Silvia Perez Cruz is a classically trained musician from Catalonia, Spain. She sings in seven languages, she plays piano, saxophone and has a degree in vocal jazz. On her new album, "Granada," she reimagines classic songs from around the world - songs that have a story to tell. Betto Arcos has this profile.

BETTO ARCOS, BYLINE: It seems like Silvia Perez Cruz can do it all. On her latest, she sings an iconic Catalonian folksong called "El Cant Dells Ocells," made famous by cellist Pablo Casals.


SILVIA PEREZ CRUZ: (Singing in Spanish).

ARCOS: She also sings a lead from the mid-1800s by Robert Schumann.


CRUZ: (Singing in Spanish).

ARCOS: And she tackles the Edith Piaf classic, "Hymne a l'Amour."


CRUZ: (Singing in Spanish).

ARCOS: The common thread running through all these songs can be found in the stories the lyrics tell.

CRUZ: (Through translator) That's why I've always said that style is not what matters to me, but the result. The song has to have a story that I believe in, and I can make it my own. I think I have that influence for my mother. My mother is a good storyteller, and she's always believed that songs are stories.

ARCOS: Her own professional story began at the Catalonia College of Music in Barcelona in 2004 when she co-founded a flamenco group called Las Migas - The Bread Crumbs - with three other women.


ARCOS: Perez Cruz says none of the four musicians were the best players or singers but that helped them take a different approach to flamenco.

CRUZ: (Through translator) I think that's the best thing we did. It was a sound that really did not exist in Spain, based on our limitations, which was to make a more accessible type of flamenco.

ARCOS: She went on to record an album of duets with a percussionist, and before long, Perez Cruz became the buzz of the Spanish music scene. Javier Colina, an acclaimed jazz bassist, invited her to record an album with his trio. Colina sent her a CD of classic Cuban songs with a note telling her to listen to the lyrics.

CRUZ: (Through translator) Of course he liked the melody and the harmony, but he selected them because of the text and the stories they told. He said to me, don't study the songs listen to them at home. Let them keep you company until they stay with you.

ARCOS: They did.


ARCOS: In 2012, it was time for Perez Cruz to record her first solo album. She asked guitarist and producer Raul Fernandez Miro to help her.

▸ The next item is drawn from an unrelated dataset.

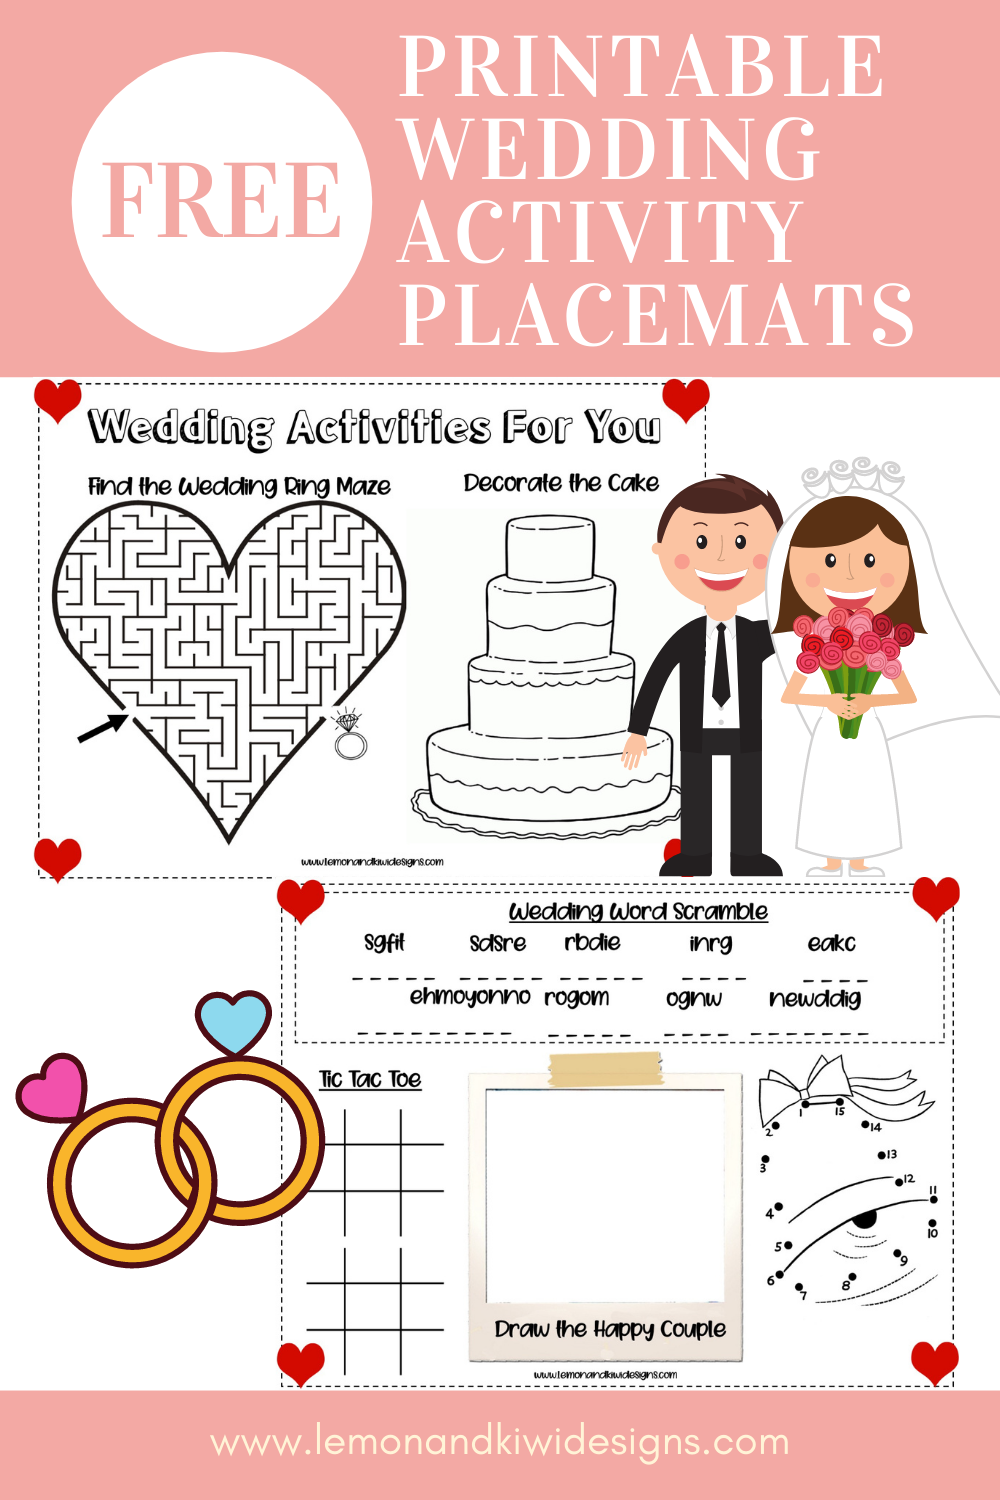 Free Printable Wedding Activity Placemats for Kids

RAUL FERNANDEZ MIRO: She has a complete vision of music - not just - she's not thinking just about vocals, about the voice. She's thinking about everything.


ARCOS: Fernandez Miro says when it was time to pick the music for their new album, they chose songs with stories they liked. But they had to figure out how to unite such a wide range of material.

MIRO: I think that if you don't know that they come from different styles and they have different languages, I think you can see the record as a whole thing, which is something that we were looking for. Like, not to be impressed by playing so many different styles - just to play them the way that we want to play.


CRUZ: (Singing in Spanish).

ARCOS: "Gallo Rojo, Gallo Negro" is a popular song from the Spanish Civil War. The lyrics say the black rooster was big, but the red one was brave. The red rooster is brave, but the black one is treacherous. Perez Cruz learned the song when she was part of a concert to honor the remaining members of the international brigades who went to Spain to fight against Dictator Francisco Franco.

CRUZ: (Through translator) At the concert, these men were singing the songs in their own language with tears in their eyes. This song made a big impression on me. They stood up with their arms raised, that I thought, these people have lived through so much. It's good that I can sing and help them remember.

ARCOS: It's just one example of the way Silvia Perez Cruz comes to understand the stories she sings. For NPR News, Betto Arcos.


SIMON: This is WEEKEND EDITION from NPR News. I'm Scott Simon.